This project implements a heart disease predictor using a Random Forest Classifier to predict the likelihood of heart disease based on various health and lifestyle parameters.
The dataset used (heart_disease.csv
) contains the following columns:
- Age: Age of the patient
- Sex: Gender of the patient (1 = male, 0 = female)
- CP: Chest pain type (1 = typical angina, 2 = atypical angina, 3 = non-anginal pain, 4 = asymptomatic)
- Trestbps: Resting blood pressure (in mm Hg)
- Chol: Serum cholesterol (in mg/dl)
- Fbs: Fasting blood sugar > 120 mg/dl (1 = true, 0 = false)
- Restecg: Resting electrocardiographic results (0 = normal, 1 = having ST-T wave abnormality, 2 = showing probable or definite left ventricular hypertrophy)
- Thalach: Maximum heart rate achieved
- Exang: Exercise induced angina (1 = yes, 0 = no)
- Oldpeak: ST depression induced by exercise relative to rest
- Slope: The slope of the peak exercise ST segment (1 = upsloping, 2 = flat, 3 = downsloping)

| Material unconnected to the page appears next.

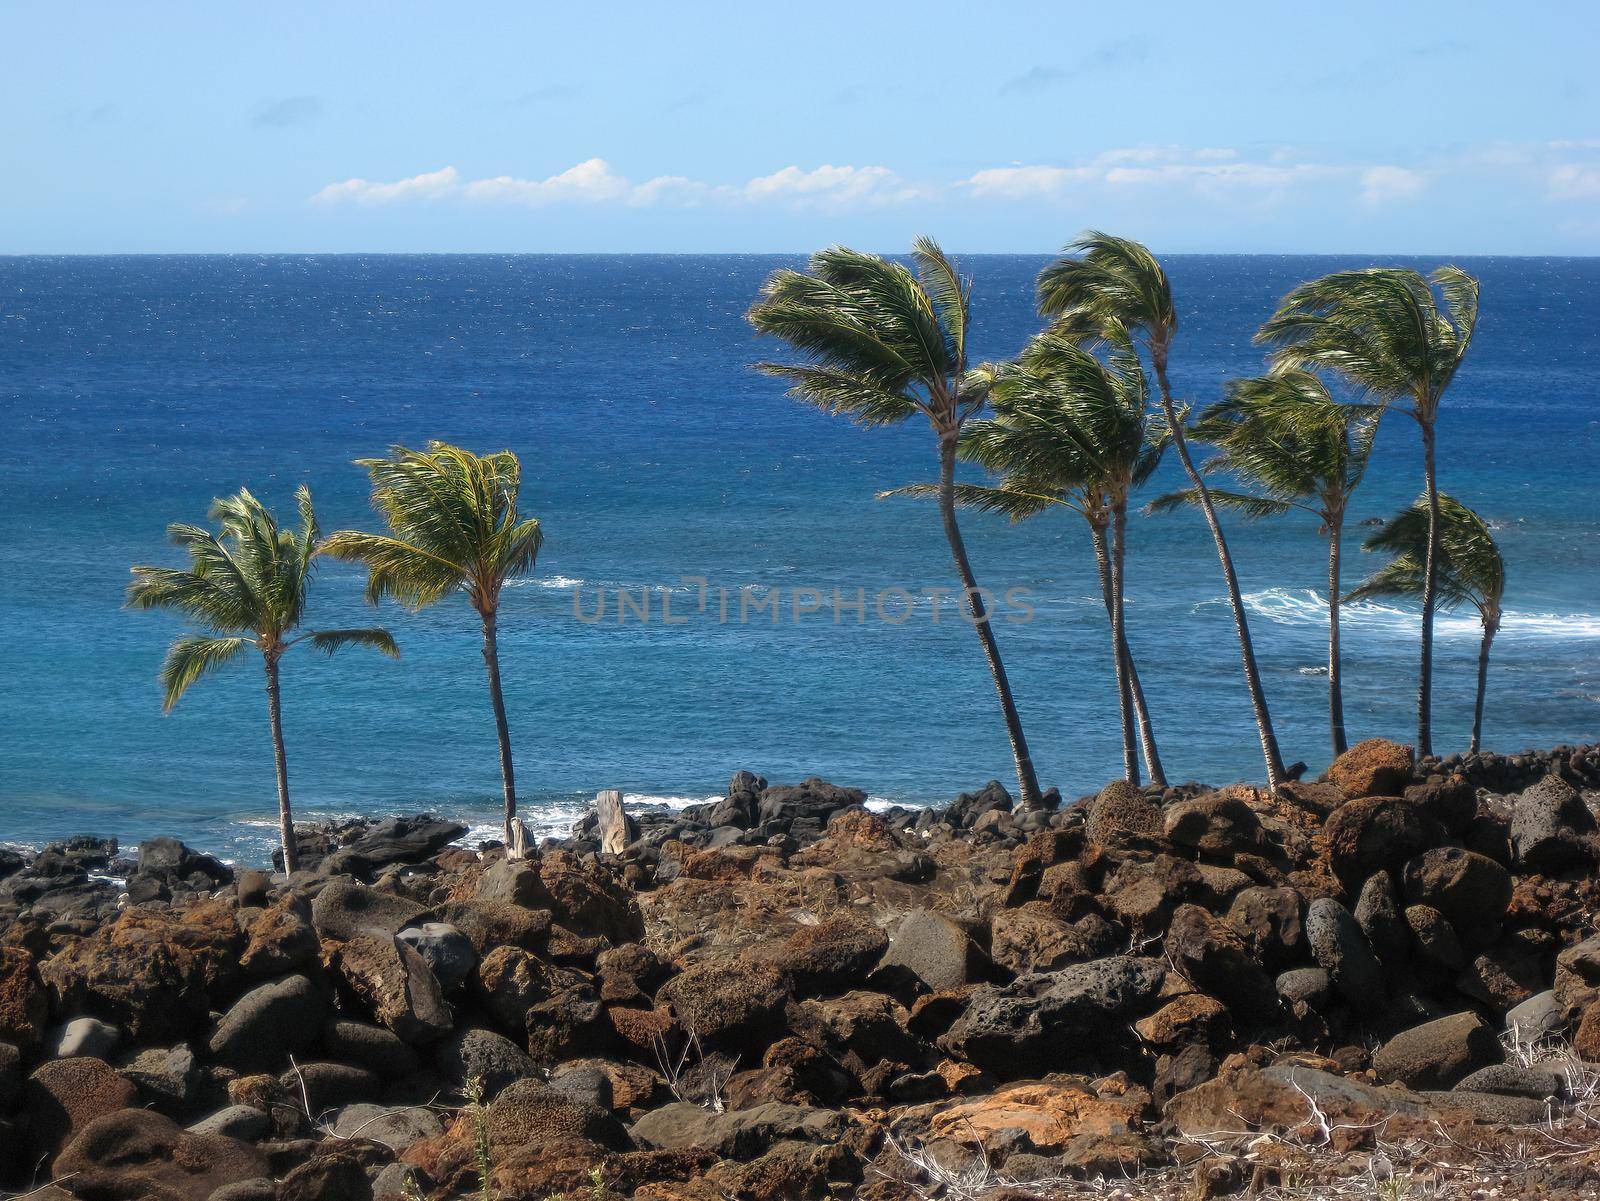 Pam trees blow in the wind along the shores of the Big Island in Hawaii on a windy sunny day. The blue Pacific Ocean sparkles in the background. High quality photo

- Ca: Number of major vessels (0-3) colored by fluoroscopy
- Thal: Thalassemia (3 = normal, 6 = fixed defect, 7 = reversible defect)
- Target: Presence of heart disease (1 = presence, 0 = absence)
- numpy (version 1.26.4): For numerical computations and array operations.
- pandas (version 2.1.4): For data manipulation and analysis.
- matplotlib (version 3.4.2): For creating visualizations of the data.
- seaborn (version 0.12.2): For statistical data visualization.
- sklearn(version 1.2.2): For loading and processing data
1.Clone the Repository:
git clone https://github.com/Niharika-Varshney/Heart_Disease_Predictor.git
cd Heart_Disease_Predictor
2.Open and Run the Jupyter Notebook:
- Navigate to the repository directory and open
Heart_Disease_Predictor.ipynb
using Jupyter Notebook or Jupyter Lab. - Execute the cells to run and explore the heart disease predictor.
heart_disease.csv
: Dataset containing heart disease data.Heart_Disease_Predictor.ipynb
: Jupyter Notebook containing the code for data analysis, model training, and evaluation.